Listed records:
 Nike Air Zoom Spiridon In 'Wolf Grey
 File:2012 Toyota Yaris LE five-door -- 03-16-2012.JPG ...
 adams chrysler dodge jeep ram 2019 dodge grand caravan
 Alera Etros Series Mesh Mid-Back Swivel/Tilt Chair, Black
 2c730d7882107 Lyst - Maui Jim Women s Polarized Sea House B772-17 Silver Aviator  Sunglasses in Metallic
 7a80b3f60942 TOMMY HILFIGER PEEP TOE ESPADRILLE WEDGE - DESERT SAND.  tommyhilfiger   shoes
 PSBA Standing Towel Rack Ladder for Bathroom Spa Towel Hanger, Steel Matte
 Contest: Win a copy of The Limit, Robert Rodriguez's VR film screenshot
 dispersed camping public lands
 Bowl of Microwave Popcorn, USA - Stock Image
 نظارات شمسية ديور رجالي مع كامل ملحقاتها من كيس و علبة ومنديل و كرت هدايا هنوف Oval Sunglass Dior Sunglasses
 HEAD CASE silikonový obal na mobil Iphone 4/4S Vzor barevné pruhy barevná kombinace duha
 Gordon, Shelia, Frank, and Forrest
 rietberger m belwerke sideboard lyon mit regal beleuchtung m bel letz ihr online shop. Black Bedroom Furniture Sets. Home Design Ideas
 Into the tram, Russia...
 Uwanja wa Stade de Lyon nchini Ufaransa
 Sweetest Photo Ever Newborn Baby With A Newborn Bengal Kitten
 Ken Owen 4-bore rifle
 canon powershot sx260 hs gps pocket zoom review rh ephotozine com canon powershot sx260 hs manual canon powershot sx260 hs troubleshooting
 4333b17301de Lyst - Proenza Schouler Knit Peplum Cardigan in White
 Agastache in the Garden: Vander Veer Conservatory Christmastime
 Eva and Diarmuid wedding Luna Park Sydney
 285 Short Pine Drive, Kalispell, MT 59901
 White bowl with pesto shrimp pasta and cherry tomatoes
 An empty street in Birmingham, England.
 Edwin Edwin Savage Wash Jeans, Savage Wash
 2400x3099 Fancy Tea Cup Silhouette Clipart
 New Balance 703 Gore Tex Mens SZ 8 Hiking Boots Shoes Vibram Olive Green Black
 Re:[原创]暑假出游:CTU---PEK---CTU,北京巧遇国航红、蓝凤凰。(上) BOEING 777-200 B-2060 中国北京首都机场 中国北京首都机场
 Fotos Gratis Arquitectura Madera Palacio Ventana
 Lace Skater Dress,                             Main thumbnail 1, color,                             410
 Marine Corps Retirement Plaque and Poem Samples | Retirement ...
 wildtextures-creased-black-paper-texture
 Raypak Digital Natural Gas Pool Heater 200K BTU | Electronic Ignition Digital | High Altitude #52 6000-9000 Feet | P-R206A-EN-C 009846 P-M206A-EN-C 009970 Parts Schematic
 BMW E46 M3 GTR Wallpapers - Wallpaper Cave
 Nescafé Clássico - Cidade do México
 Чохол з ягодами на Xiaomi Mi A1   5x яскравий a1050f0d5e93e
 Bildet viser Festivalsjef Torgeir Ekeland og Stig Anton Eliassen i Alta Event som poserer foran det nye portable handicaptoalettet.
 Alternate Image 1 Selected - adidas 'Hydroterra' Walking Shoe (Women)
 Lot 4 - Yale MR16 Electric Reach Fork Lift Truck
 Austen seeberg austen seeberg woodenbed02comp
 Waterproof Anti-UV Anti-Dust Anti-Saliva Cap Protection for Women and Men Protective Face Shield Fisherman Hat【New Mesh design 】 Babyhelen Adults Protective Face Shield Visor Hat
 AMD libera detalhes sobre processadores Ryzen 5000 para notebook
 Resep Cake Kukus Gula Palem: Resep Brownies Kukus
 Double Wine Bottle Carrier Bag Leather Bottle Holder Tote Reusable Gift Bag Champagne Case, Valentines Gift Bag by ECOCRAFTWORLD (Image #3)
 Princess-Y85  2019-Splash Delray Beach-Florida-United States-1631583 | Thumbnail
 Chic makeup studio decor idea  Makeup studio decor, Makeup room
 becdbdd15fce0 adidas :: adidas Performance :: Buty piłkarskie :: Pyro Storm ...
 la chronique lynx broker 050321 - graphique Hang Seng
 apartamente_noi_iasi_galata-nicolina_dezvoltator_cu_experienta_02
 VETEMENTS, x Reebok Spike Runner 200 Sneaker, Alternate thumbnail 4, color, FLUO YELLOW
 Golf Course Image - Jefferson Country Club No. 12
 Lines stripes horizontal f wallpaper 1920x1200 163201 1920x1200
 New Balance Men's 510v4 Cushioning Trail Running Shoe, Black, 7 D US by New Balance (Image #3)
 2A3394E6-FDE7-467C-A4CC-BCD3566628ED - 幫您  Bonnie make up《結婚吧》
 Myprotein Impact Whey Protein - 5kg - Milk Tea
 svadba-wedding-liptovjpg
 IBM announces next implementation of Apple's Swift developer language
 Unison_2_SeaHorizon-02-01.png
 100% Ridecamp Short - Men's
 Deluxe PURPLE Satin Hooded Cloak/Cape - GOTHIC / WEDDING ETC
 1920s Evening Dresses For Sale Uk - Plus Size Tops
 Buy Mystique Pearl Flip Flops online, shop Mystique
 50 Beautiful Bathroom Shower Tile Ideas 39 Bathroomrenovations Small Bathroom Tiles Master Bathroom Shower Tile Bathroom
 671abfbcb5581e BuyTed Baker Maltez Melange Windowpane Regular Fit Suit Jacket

Exercise:
What the exercise needs is every record again, word for word.

Response for this exercise:
 Nike Air Zoom Spiridon In 'Wolf Grey
 File:2012 Toyota Yaris LE five-door -- 03-16-2012.JPG ...
 adams chrysler dodge jeep ram 2019 dodge grand caravan
 Alera Etros Series Mesh Mid-Back Swivel/Tilt Chair, Black
 2c730d7882107 Lyst - Maui Jim Women s Polarized Sea House B772-17 Silver Aviator  Sunglasses in Metallic
 7a80b3f60942 TOMMY HILFIGER PEEP TOE ESPADRILLE WEDGE - DESERT SAND.  tommyhilfiger   shoes
 PSBA Standing Towel Rack Ladder for Bathroom Spa Towel Hanger, Steel Matte
 Contest: Win a copy of The Limit, Robert Rodriguez's VR film screenshot
 dispersed camping public lands
 Bowl of Microwave Popcorn, USA - Stock Image
 نظارات شمسية ديور رجالي مع كامل ملحقاتها من كيس و علبة ومنديل و كرت هدايا هنوف Oval Sunglass Dior Sunglasses
 HEAD CASE silikonový obal na mobil Iphone 4/4S Vzor barevné pruhy barevná kombinace duha
 Gordon, Shelia, Frank, and Forrest
 rietberger m belwerke sideboard lyon mit regal beleuchtung m bel letz ihr online shop. Black Bedroom Furniture Sets. Home Design Ideas
 Into the tram, Russia...
 Uwanja wa Stade de Lyon nchini Ufaransa
 Sweetest Photo Ever Newborn Baby With A Newborn Bengal Kitten
 Ken Owen 4-bore rifle
 canon powershot sx260 hs gps pocket zoom review rh ephotozine com canon powershot sx260 hs manual canon powershot sx260 hs troubleshooting
 4333b17301de Lyst - Proenza Schouler Knit Peplum Cardigan in White
 Agastache in the Garden: Vander Veer Conservatory Christmastime
 Eva and Diarmuid wedding Luna Park Sydney
 285 Short Pine Drive, Kalispell, MT 59901
 White bowl with pesto shrimp pasta and cherry tomatoes
 An empty street in Birmingham, England.
 Edwin Edwin Savage Wash Jeans, Savage Wash
 2400x3099 Fancy Tea Cup Silhouette Clipart
 New Balance 703 Gore Tex Mens SZ 8 Hiking Boots Shoes Vibram Olive Green Black
 Re:[原创]暑假出游:CTU---PEK---CTU,北京巧遇国航红、蓝凤凰。(上) BOEING 777-200 B-2060 中国北京首都机场 中国北京首都机场
 Fotos Gratis Arquitectura Madera Palacio Ventana
 Lace Skater Dress,                             Main thumbnail 1, color,                             410
 Marine Corps Retirement Plaque and Poem Samples | Retirement ...
 wildtextures-creased-black-paper-texture
 Raypak Digital Natural Gas Pool Heater 200K BTU | Electronic Ignition Digital | High Altitude #52 6000-9000 Feet | P-R206A-EN-C 009846 P-M206A-EN-C 009970 Parts Schematic
 BMW E46 M3 GTR Wallpapers - Wallpaper Cave
 Nescafé Clássico - Cidade do México
 Чохол з ягодами на Xiaomi Mi A1   5x яскравий a1050f0d5e93e
 Bildet viser Festivalsjef Torgeir Ekeland og Stig Anton Eliassen i Alta Event som poserer foran det nye portable handicaptoalettet.
 Alternate Image 1 Selected - adidas 'Hydroterra' Walking Shoe (Women)
 Lot 4 - Yale MR16 Electric Reach Fork Lift Truck
 Austen seeberg austen seeberg woodenbed02comp
 Waterproof Anti-UV Anti-Dust Anti-Saliva Cap Protection for Women and Men Protective Face Shield Fisherman Hat【New Mesh design 】 Babyhelen Adults Protective Face Shield Visor Hat
 AMD libera detalhes sobre processadores Ryzen 5000 para notebook
 Resep Cake Kukus Gula Palem: Resep Brownies Kukus
 Double Wine Bottle Carrier Bag Leather Bottle Holder Tote Reusable Gift Bag Champagne Case, Valentines Gift Bag by ECOCRAFTWORLD (Image #3)
 Princess-Y85  2019-Splash Delray Beach-Florida-United States-1631583 | Thumbnail
 Chic makeup studio decor idea  Makeup studio decor, Makeup room
 becdbdd15fce0 adidas :: adidas Performance :: Buty piłkarskie :: Pyro Storm ...
 la chronique lynx broker 050321 - graphique Hang Seng
 apartamente_noi_iasi_galata-nicolina_dezvoltator_cu_experienta_02
 VETEMENTS, x Reebok Spike Runner 200 Sneaker, Alternate thumbnail 4, color, FLUO YELLOW
 Golf Course Image - Jefferson Country Club No. 12
 Lines stripes horizontal f wallpaper 1920x1200 163201 1920x1200
 New Balance Men's 510v4 Cushioning Trail Running Shoe, Black, 7 D US by New Balance (Image #3)
 2A3394E6-FDE7-467C-A4CC-BCD3566628ED - 幫您  Bonnie make up《結婚吧》
 Myprotein Impact Whey Protein - 5kg - Milk Tea
 svadba-wedding-liptovjpg
 IBM announces next implementation of Apple's Swift developer language
 Unison_2_SeaHorizon-02-01.png
 100% Ridecamp Short - Men's
 Deluxe PURPLE Satin Hooded Cloak/Cape - GOTHIC / WEDDING ETC
 1920s Evening Dresses For Sale Uk - Plus Size Tops
 Buy Mystique Pearl Flip Flops online, shop Mystique
 50 Beautiful Bathroom Shower Tile Ideas 39 Bathroomrenovations Small Bathroom Tiles Master Bathroom Shower Tile Bathroom
 671abfbcb5581e BuyTed Baker Maltez Melange Windowpane Regular Fit Suit Jacket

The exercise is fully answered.